The BBC, ITV, Channel 4 and Channel 5 also want the spectrum to offer high-definition services. They fear that mobile operators will bid prices way up. "The 3G process demonstrated that in auctions of scarce resources such as spectrum, bidders may bid more than is rational - in the case of 3G, up to four times what could have been justified rationally," says Michael Grade, executive chairman of ITV.
Mobile operators are eyeing the broadcast spectrum for purposes including mobile TV. But they worry that "the way the analog spectrum is being reallocated in many countries will mean that only [TV broadcasters] will be able to use these bands," says Tom Phillips, government and regulatory affairs officer of the GSM Association, a trade group of 700 global mobile operators.
Those concerns made their mark on OFCOM, which in late May said it would push back Britain's auction from 2008 to 2009. OFCOM spokesman Clayton Hirst says the regulatory body needs time to sort through the voluminous filings it has received. Although it's committed to allowing any bidder into the auction, it has to figure out how it will do that, Hirst says.

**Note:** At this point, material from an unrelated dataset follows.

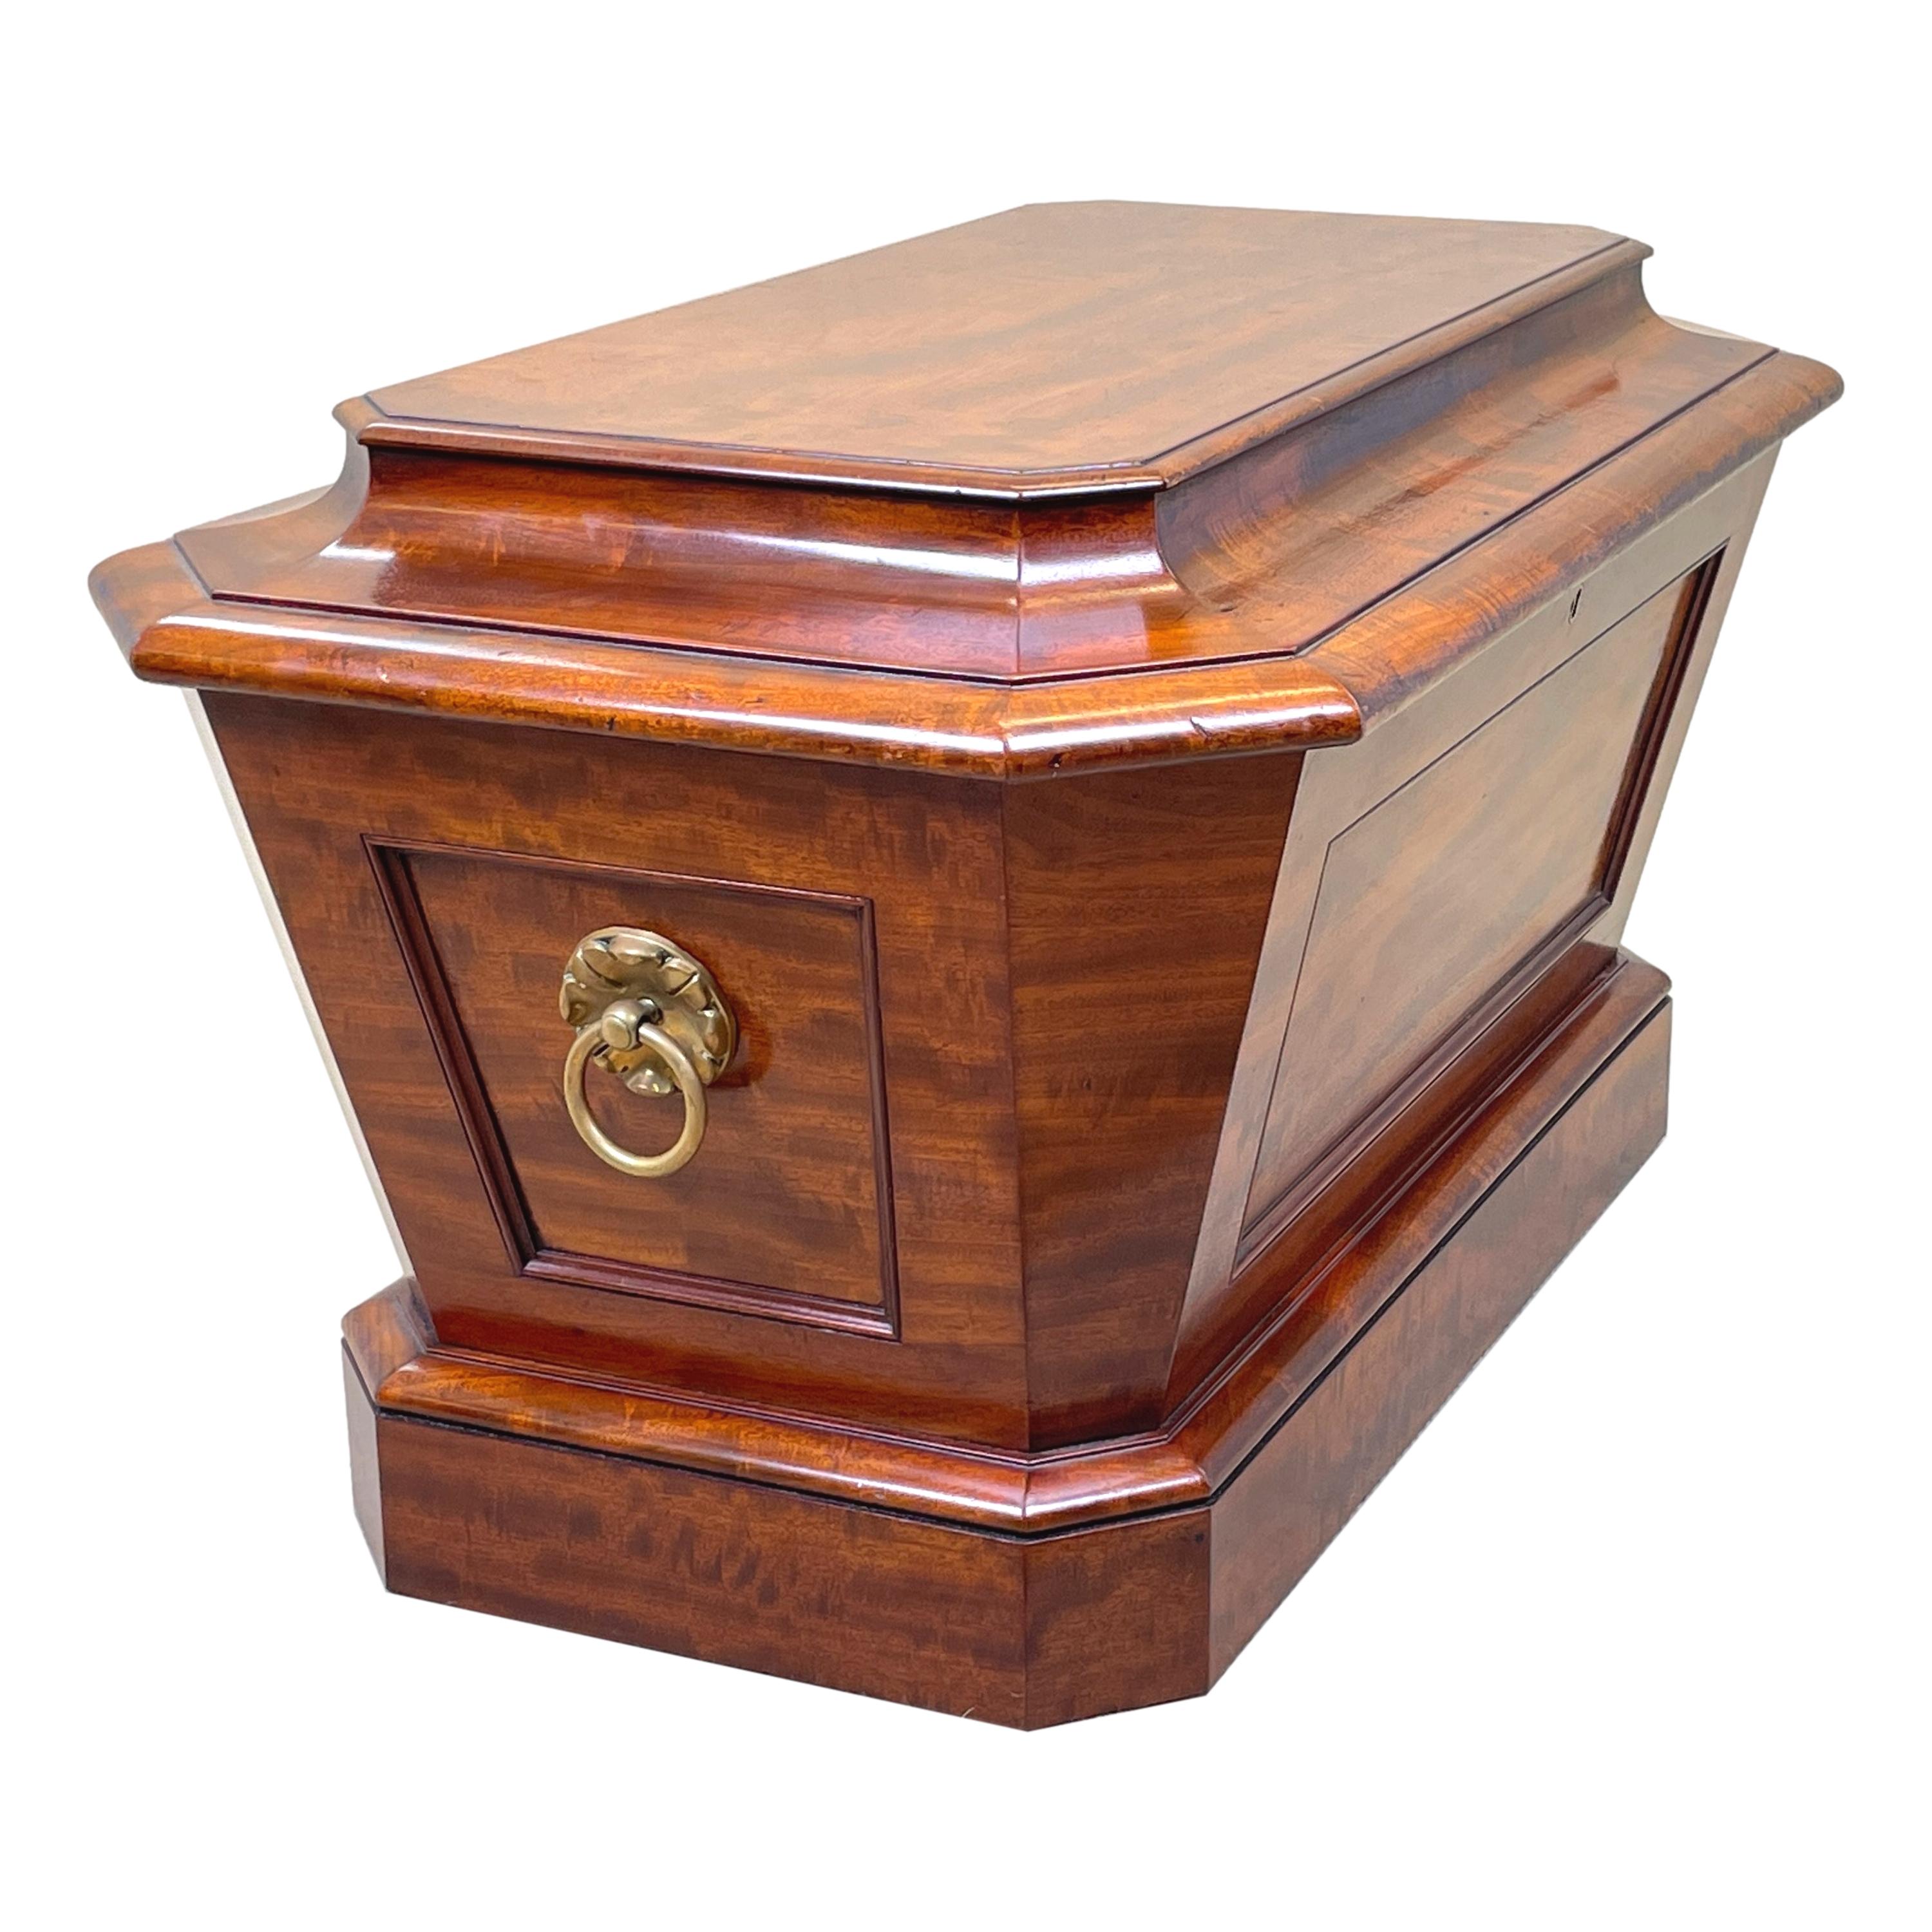 English Regency Mahogany Sarcophagus Shaped Wine Cooler For Sale 3

Although many mobile operators favor a free market in the broadcast spectrum, they are not feeling as liberal toward what they believe is rightfully their 2.6-gigahertz "3G expansion band." Some want to keep WiMAX providers out when 2.6-gigahertz auctions come up.
WiMAX providers are pushing for regulators to take a "technology-neutral" stance and allow newcomers. But many worry that big cellular carriers could snuff out bids by startups. "It's extremely valuable, but it's not worth £6 billion," says Kenneth Ashworth, a director with the WiMAX Spectrum Owners Alliance.
Even if regulators adopt technology neutrality, how they sell off spectrum could favor one sector over another. For instance, they might grant only three or four licenses, which would favor big-money bidders, especially if regulators take the highest bid as opposed to portioning out spectrum to providers that prove they offer a social benefit.
Whatever happens, European governments are almost certain to raise tons of money by selling a precious resource. As Jeremy Green, an analyst for research firm Ovum notes, "Air is for sale again. They're not making any more of it."